● Work request
Every line of the listing below should come back exactly as written, with no images.

● Information supplied

----------------------------------------

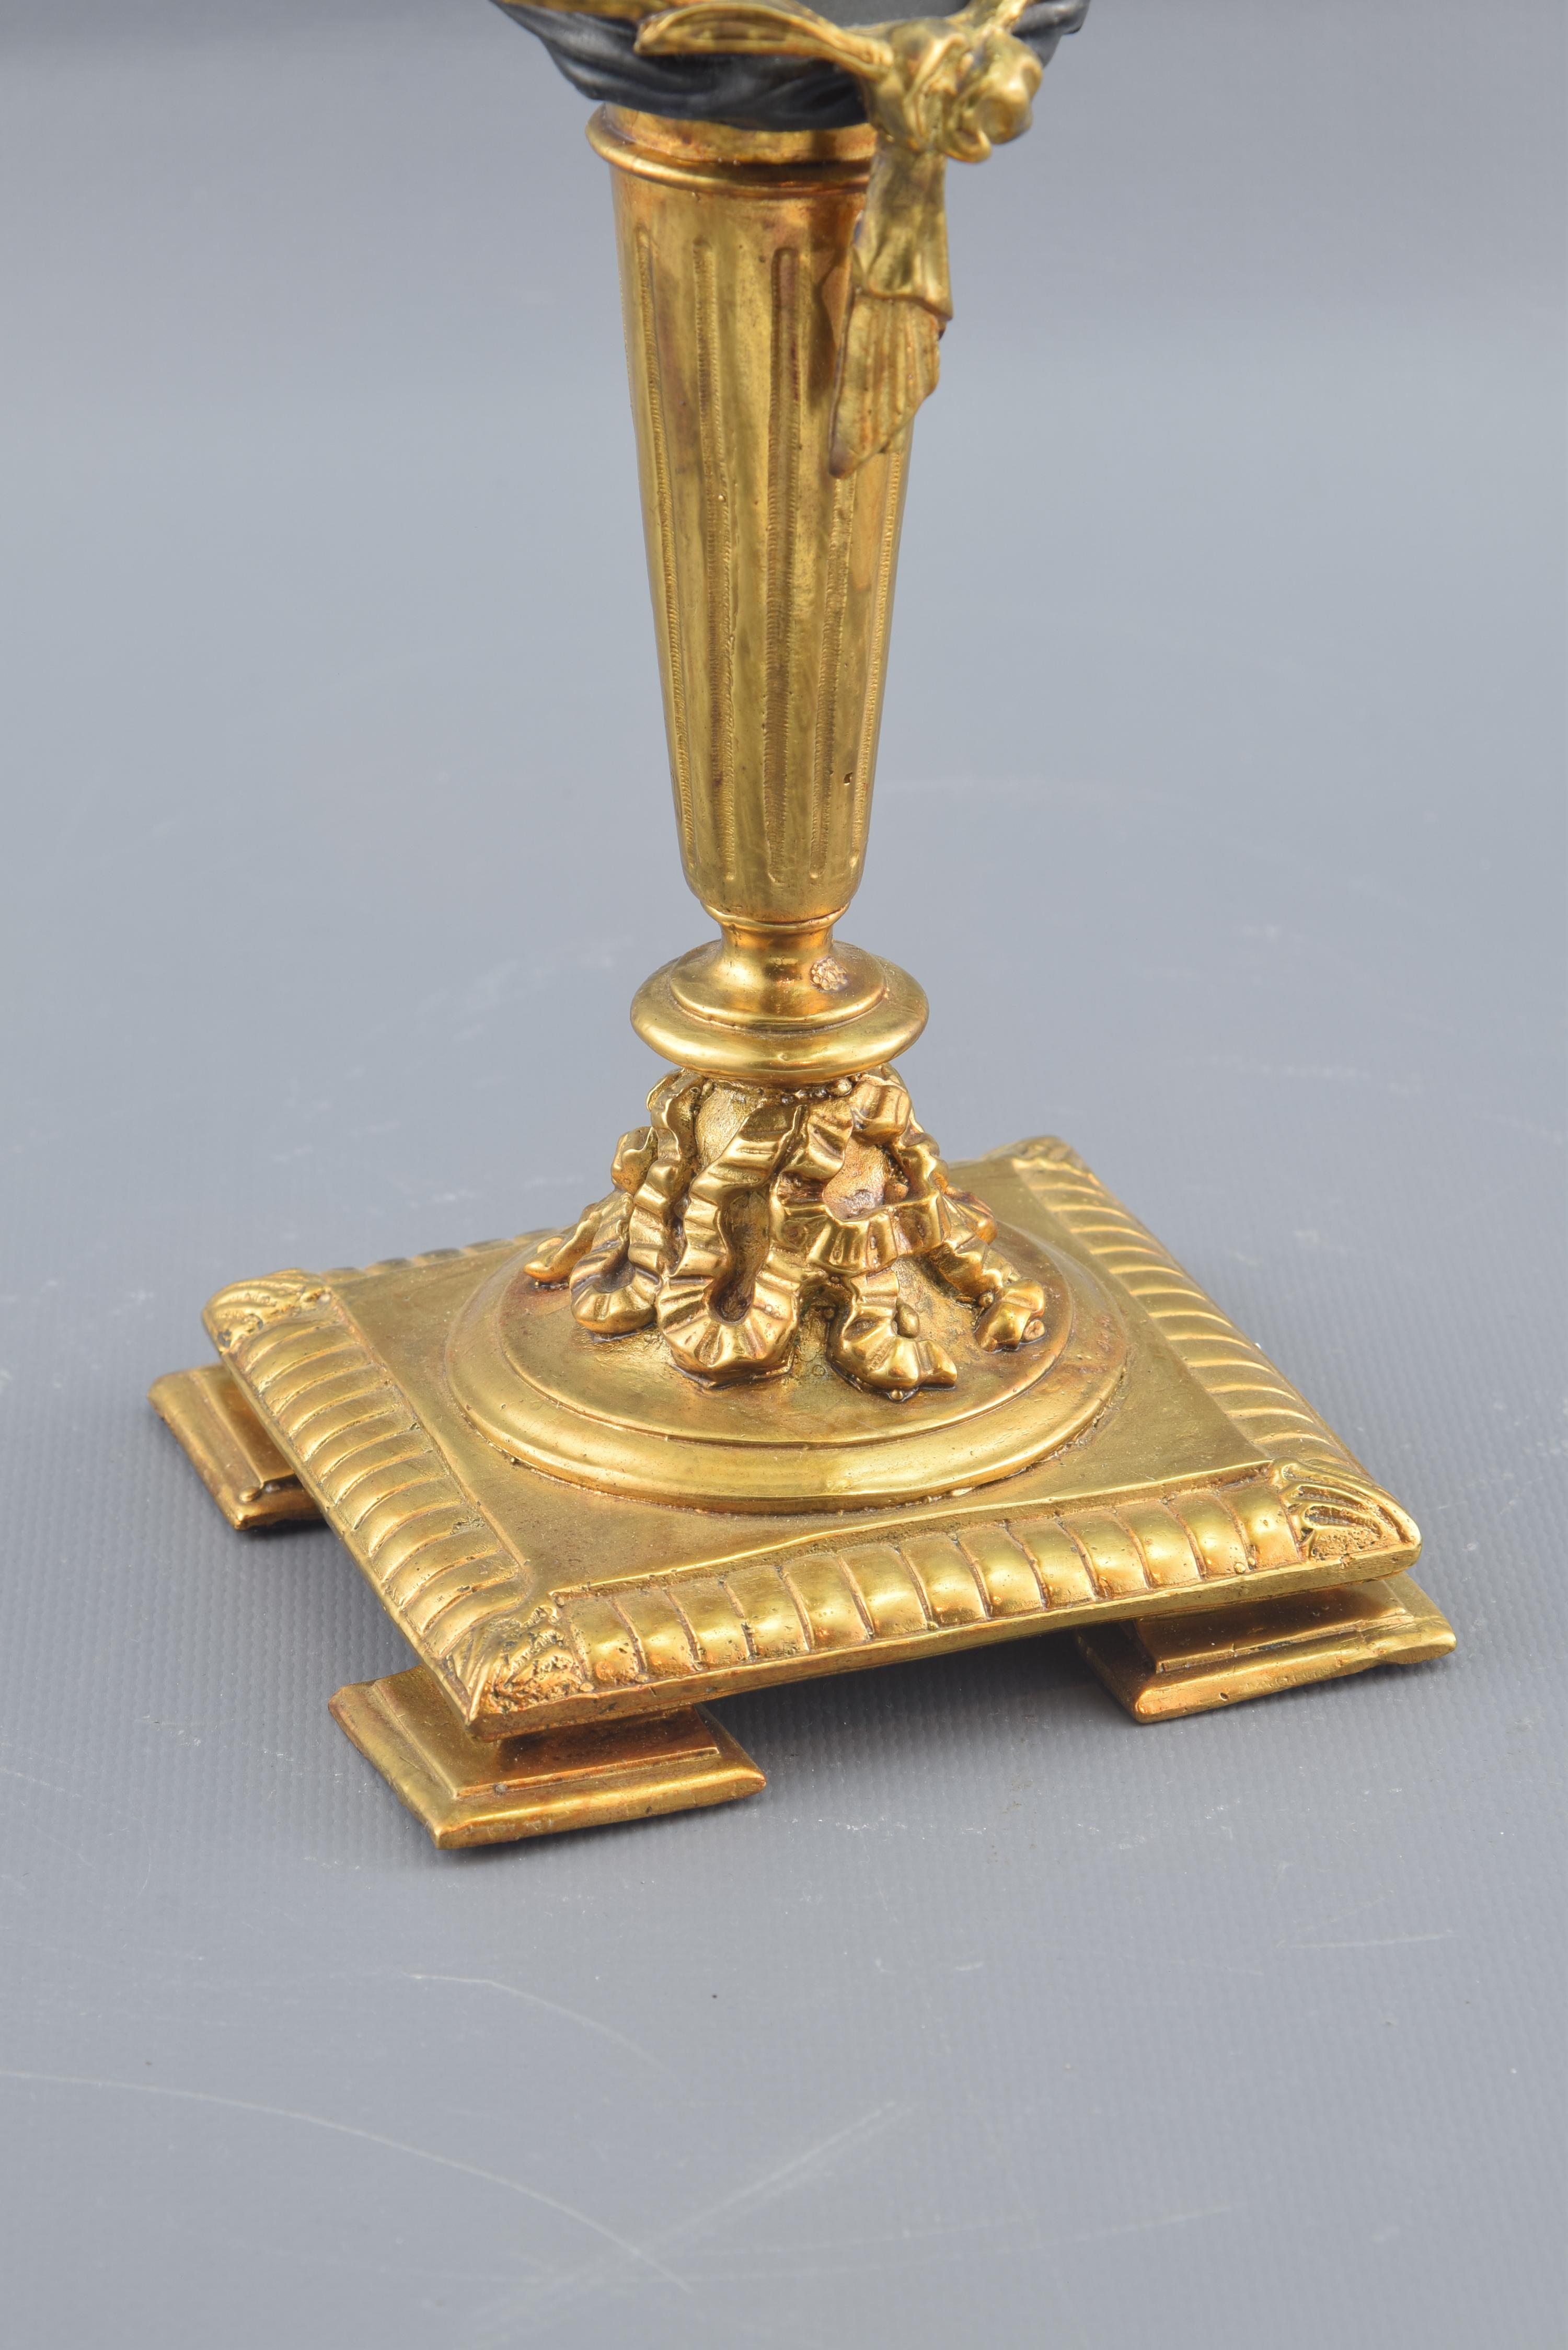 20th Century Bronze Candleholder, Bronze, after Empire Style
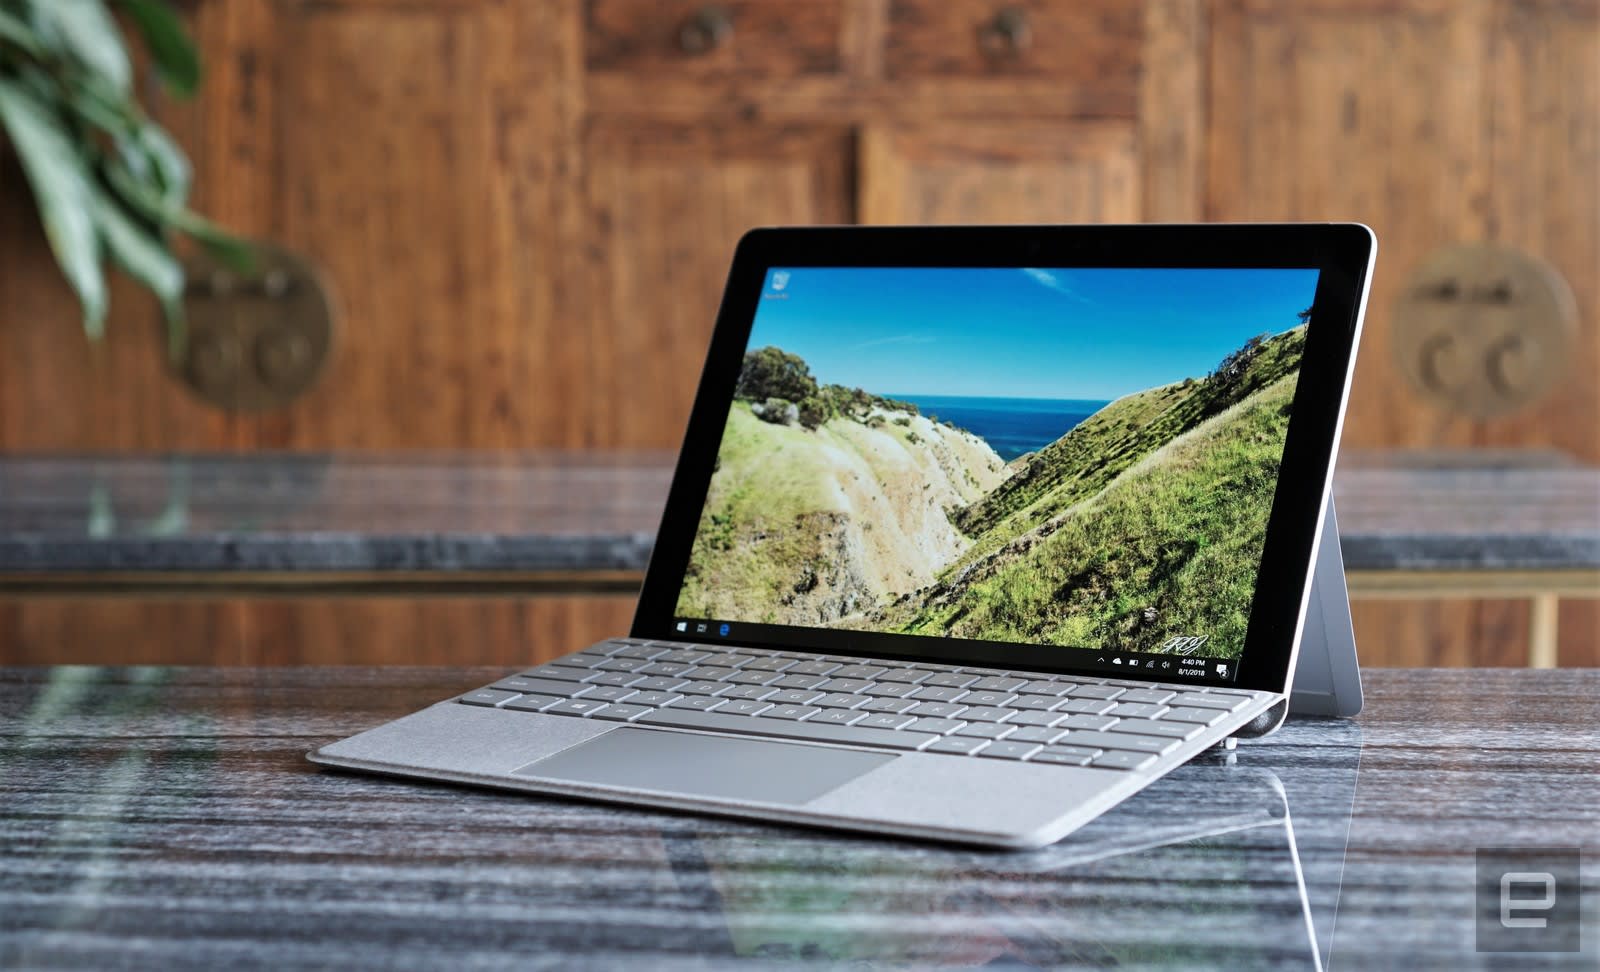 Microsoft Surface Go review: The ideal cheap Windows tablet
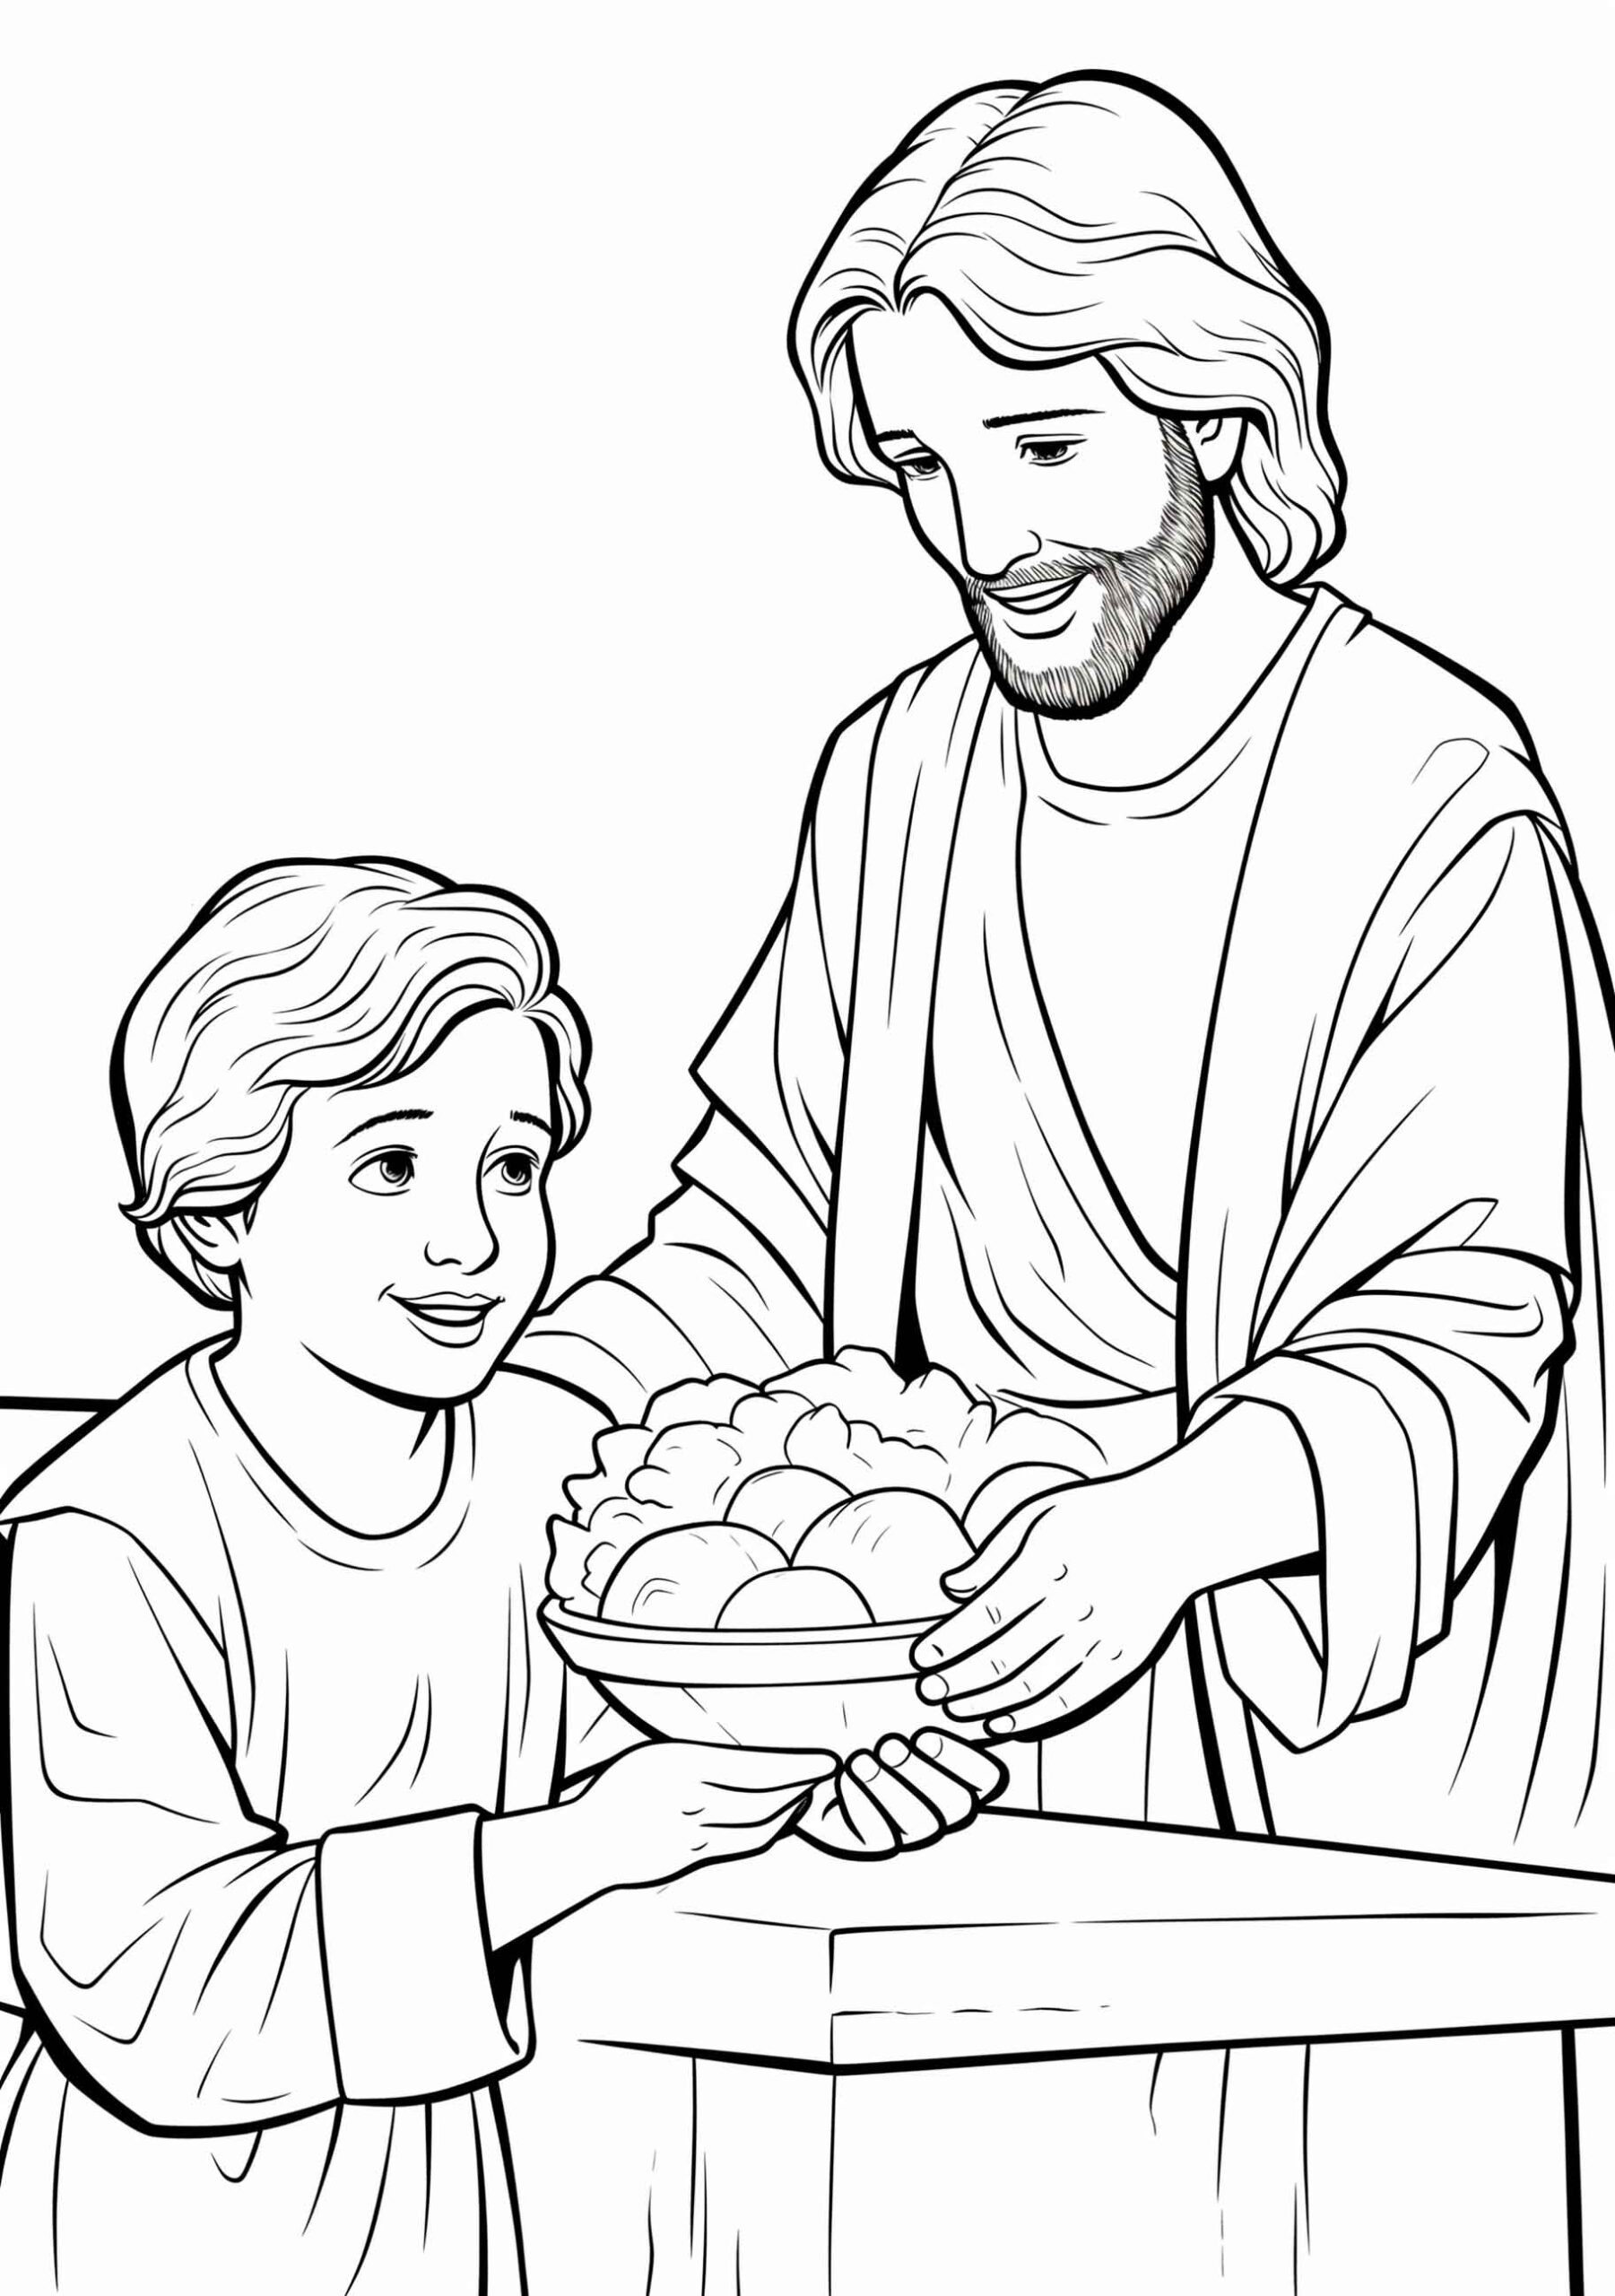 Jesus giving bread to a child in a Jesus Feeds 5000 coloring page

----------------------------------------

● Solution to this problem
 20th Century Bronze Candleholder, Bronze, after Empire Style
 Microsoft Surface Go review: The ideal cheap Windows tablet
 Jesus giving bread to a child in a Jesus Feeds 5000 coloring page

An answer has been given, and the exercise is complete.